■ Provided data:
•••••

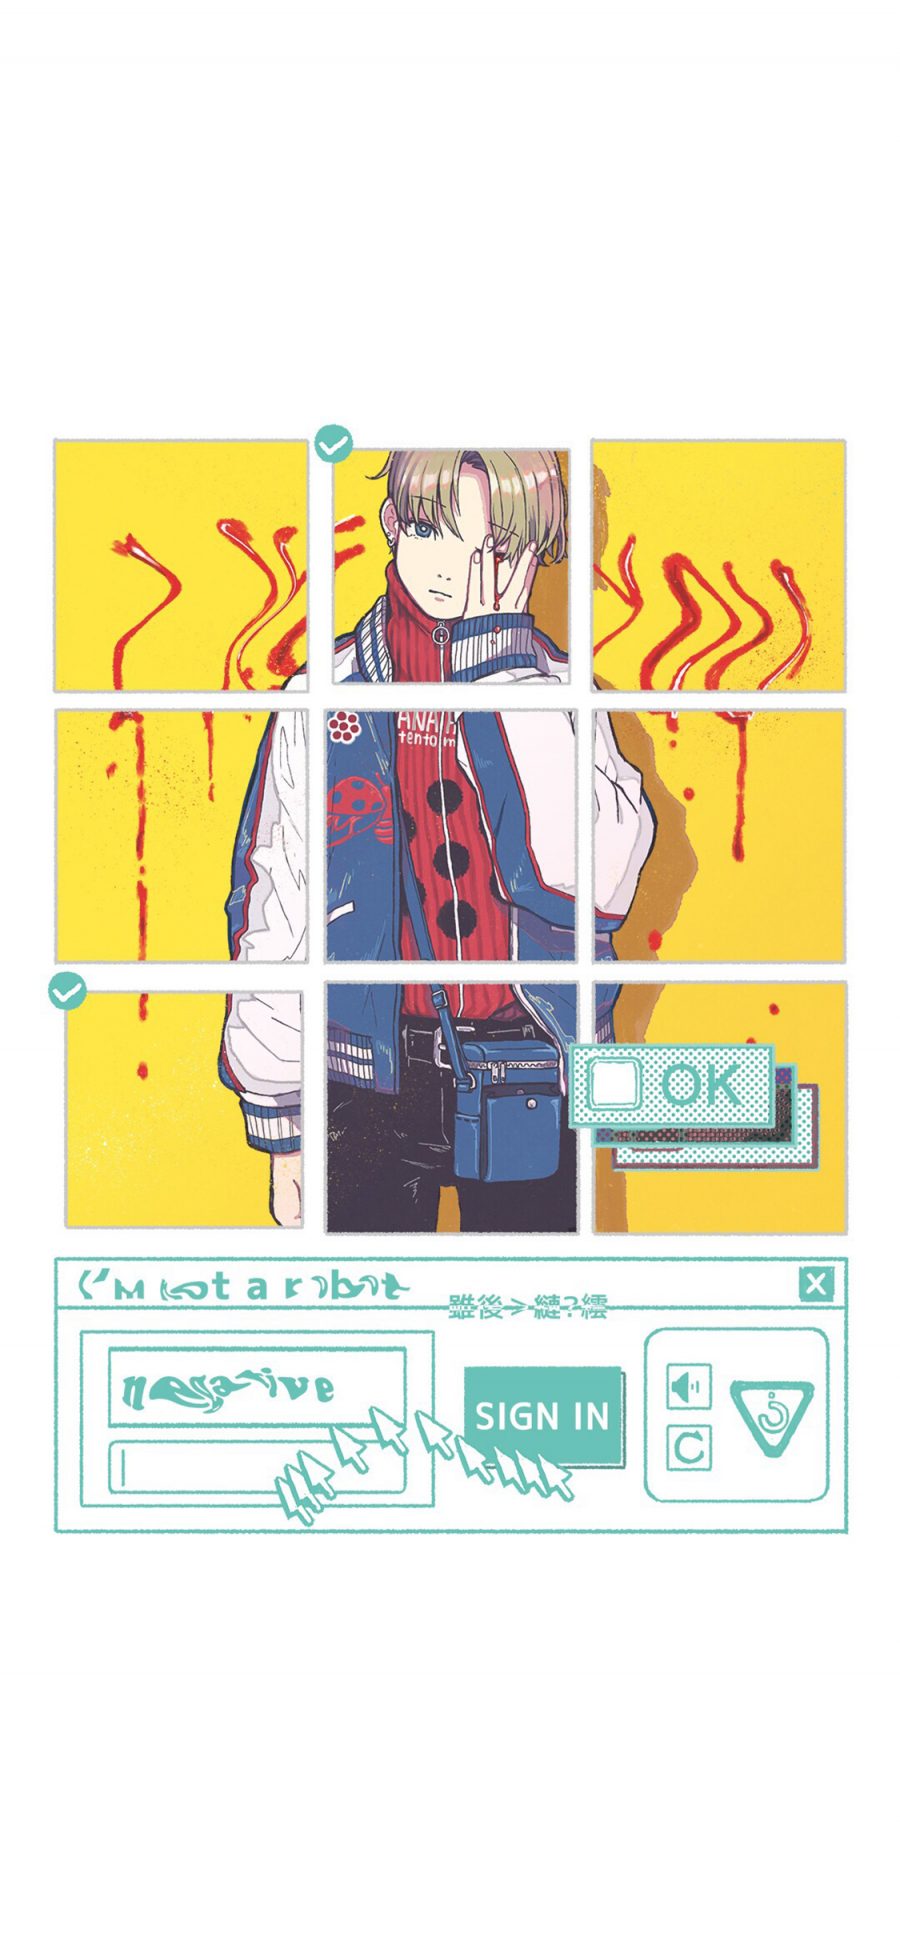 [2436×1125]Jungoro插图 男孩 九宫格 苹果手机动漫壁纸图片
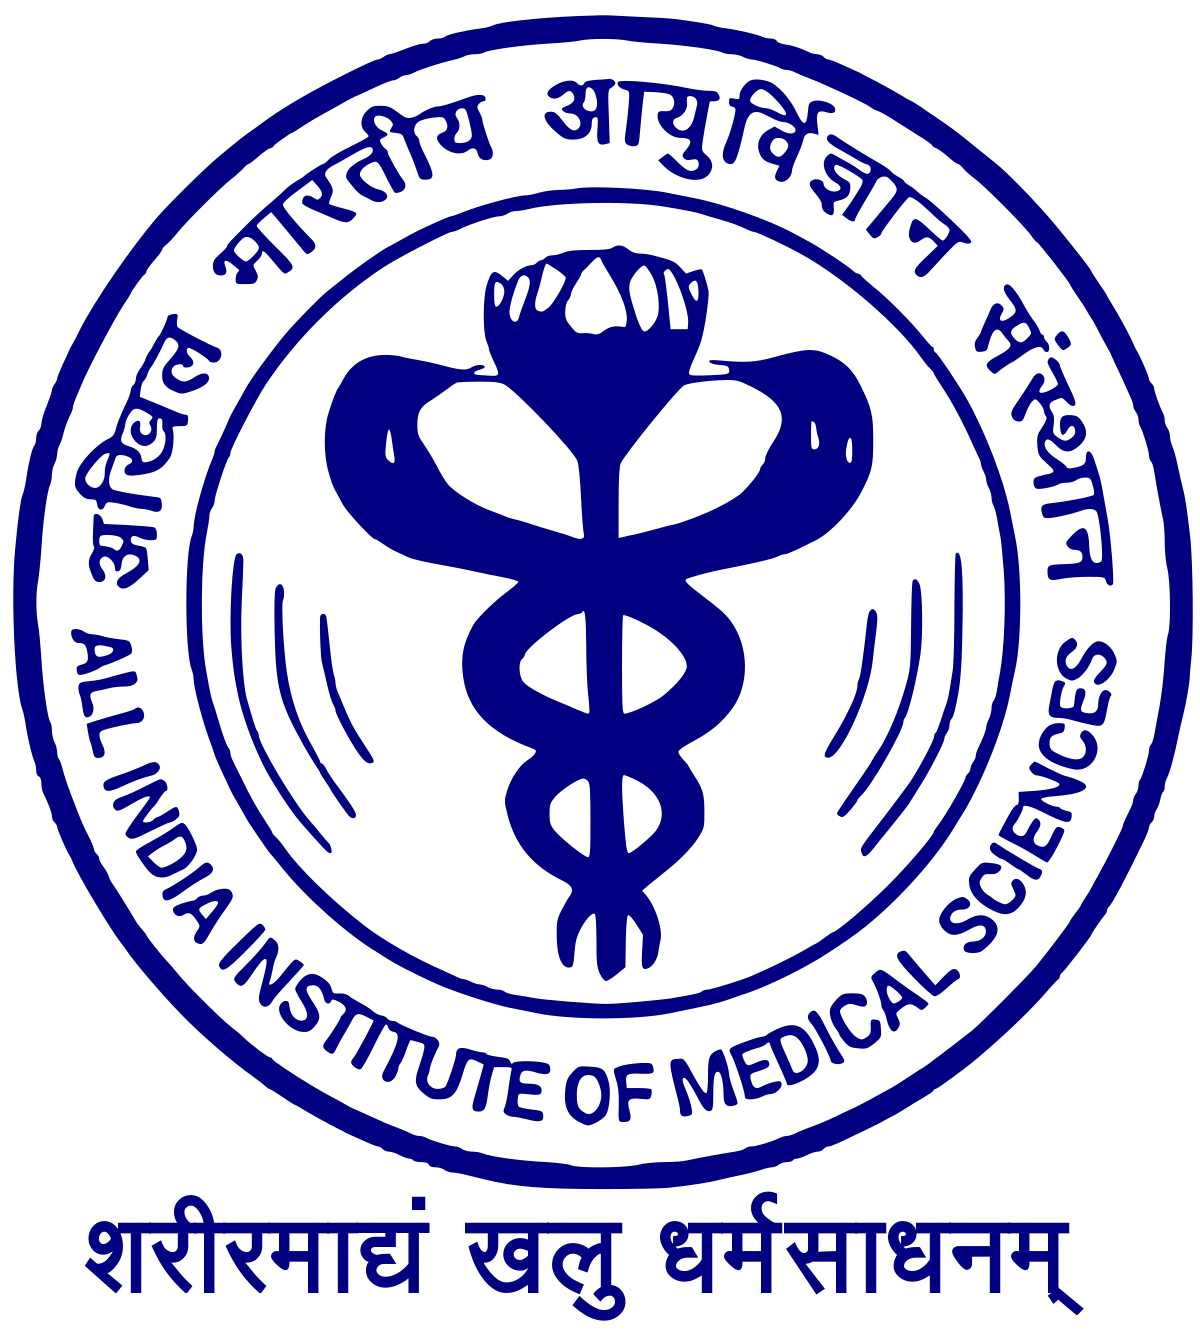 Regional Institute of Medical Sciences, Imphal
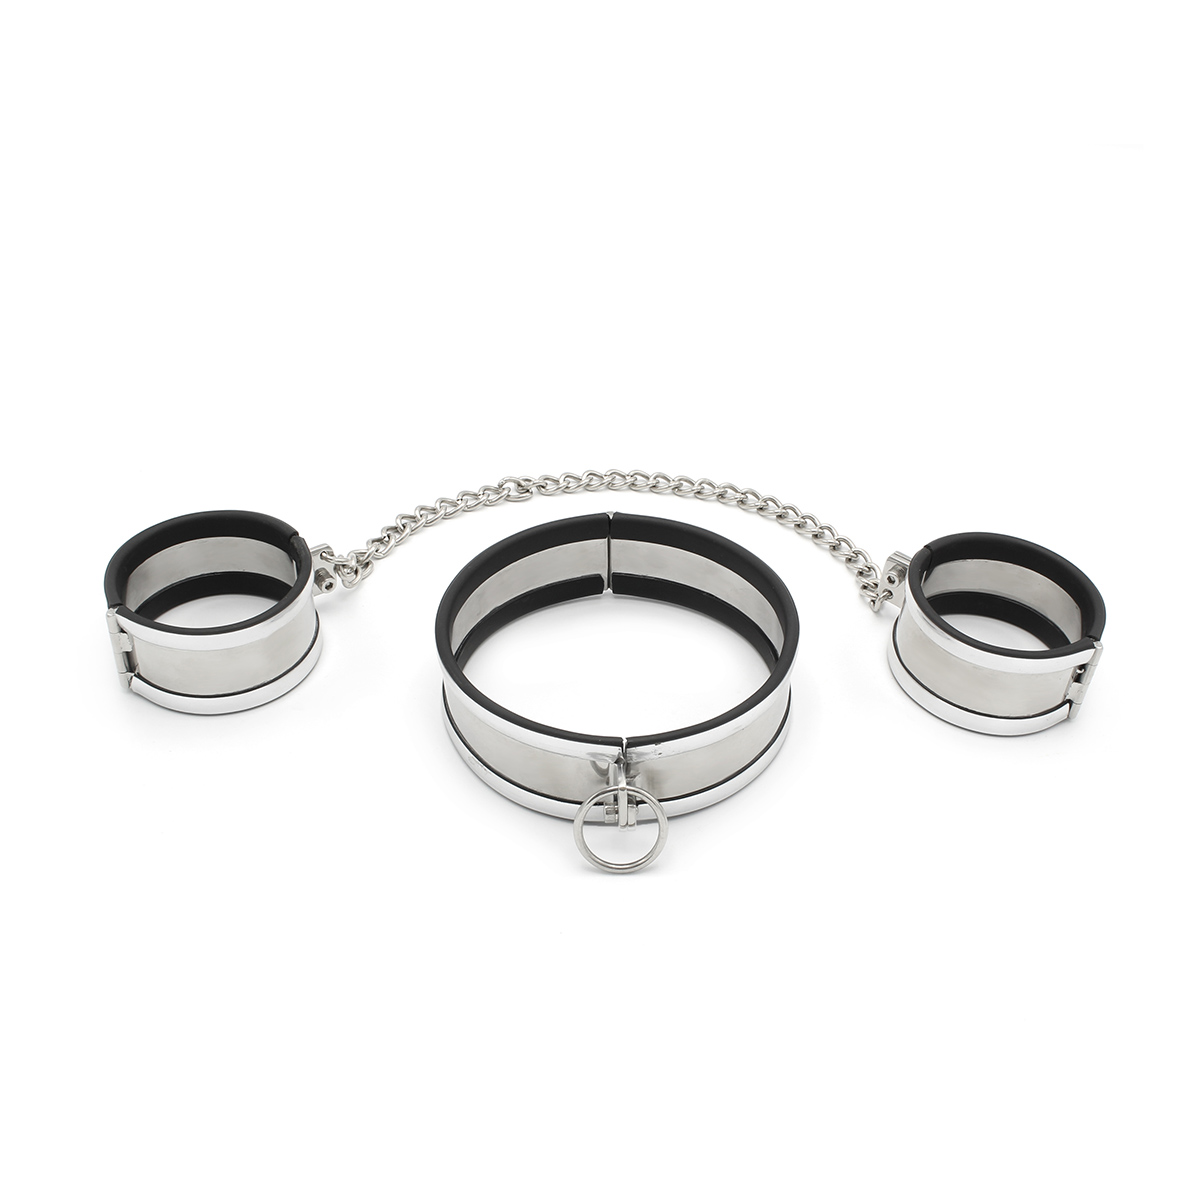 Steel-Medium-Collar-Cuffs-OPR-277100-1

•••••

■ Task goal: Each line of the material needs to be given again exactly, without any of its pictures.

■ Response to the exercise:
 [2436×1125]Jungoro插图 男孩 九宫格 苹果手机动漫壁纸图片
 Regional Institute of Medical Sciences, Imphal
 Steel-Medium-Collar-Cuffs-OPR-277100-1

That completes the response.